You can use many great tools to help you in your software development journey. One such tool is pre-commit, a framework for managing and maintaining multi-language pre-commit hooks. You use pre-commit to run one or more tools before allowing you to commit your code locally. For example, you might run the Flake8 linter or the Ruff formatter on your Python code in GitHub Actions or some other CI. But rather than waiting for CI to run, you want to run those checks locally and automatically.

That is where pre-commit comes in. You tell pre-c0mmit what to run, and it will run right before it allows you to commit your code.If any of those checks fail, you must fix your code before committing it.

Installing pre-commit

pre-commit is a Python package, so you can install it using pip. Here’s the command you’ll need to run in your terminal:

pip install pre-commit

Once pre-commit is installed, you can confirm that it works by running the following:

pre-commit --version

Adding the git Hooks

The next step is to navigate to one of your local GitHub code bases in your terminal. Once inside one of your repos, you will need to run this command:

pre-commit install

This command installs pre-commit in your .git\hooks folder so that pre-commit runs whenever you commit. But how does pre-commit know what to run?

You have to define what pre-commit runs using a special YAML file. You’ll learn how in the next section!

Adding a pre-commit Configuration

You need to add a file named .pre-commit-config.yaml (note the leading period) into the root of your repo. If you want to generate a simple config file, you can run this command:

pre-commit sample-config

Here’s an example config for running Black on your code:

repos:
-   repo: https://github.com/pre-commit/pre-commit-hooks
    rev: v2.3.0
    hooks:
    -   id: check-yaml
    -   id: end-of-file-fixer
    -   id: trailing-whitespace
-   repo: https://github.com/psf/black
    rev: 22.10.0
    hooks:
    -   id: black

Personally, I like to run the Ruff formatter and linter as well as a couple of defaults, so I use this config a lot:

repos:
-   repo: https://github.com/pre-commit/pre-commit-hooks
    rev: v3.2.0
    hooks:
    -   id: trailing-whitespace
    -   id: end-of-file-fixer
    -   id: check-added-large-files

- repo: https://github.com/astral-sh/ruff-pre-commit
  # Ruff version.
  rev: v0.1.7
  hooks:
    # Run the linter.
    - id: ruff
    # Run the formatter.
    - id: ruff-format

When you add a new rule to pre-commit, you should run that rule against all the files in your repo so you don’t have any surprises later on.
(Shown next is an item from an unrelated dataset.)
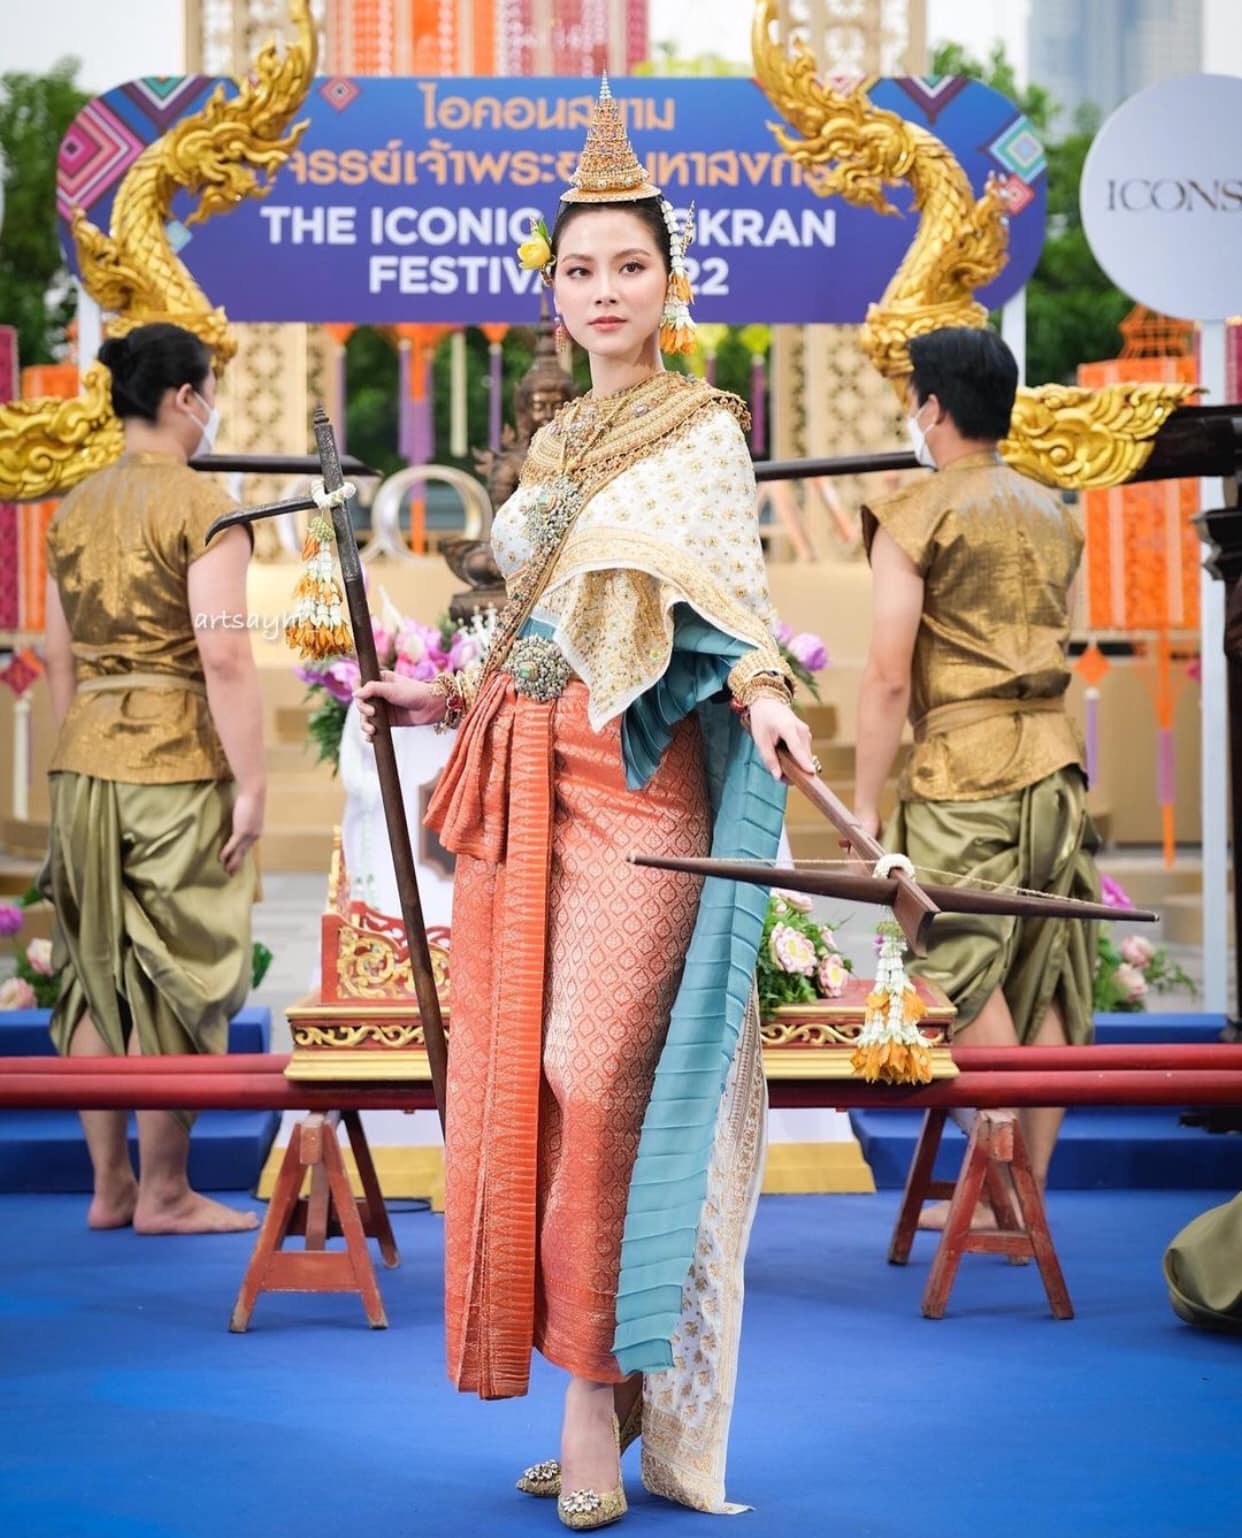 Nữ thần Songkran lộ diện: Baifern (Chiếc Lá Bay) đẹp kinh diễm trong trang phục 1,3 tỷ, visual thăng hạng ngoạn mục giữa Icon Siam - Ảnh 3.

To do that, you need to run this command:

pre-commit run --all-files

Once you have run all your new rules against all your code files, you can start working on your next feature or bug fix. Then, when you run,  git commit the pre-commit hooks will run, and you’ll see if your code is good enough to pass.

Wrapping Up

There are TONs of hooks you can add to pre-commit. A lot of them are mentioned on the pre-commit website. You can add Mypy, pytest, and much, much more to your pre-commit hooks. Just don’t get too crazy, or they may take too long to run, and you’ll go nuts waiting for it.

Overall, running so many of your CI hooks locally is great because your machine is usually faster than waiting on a queue in CI. Give it a try and see what think!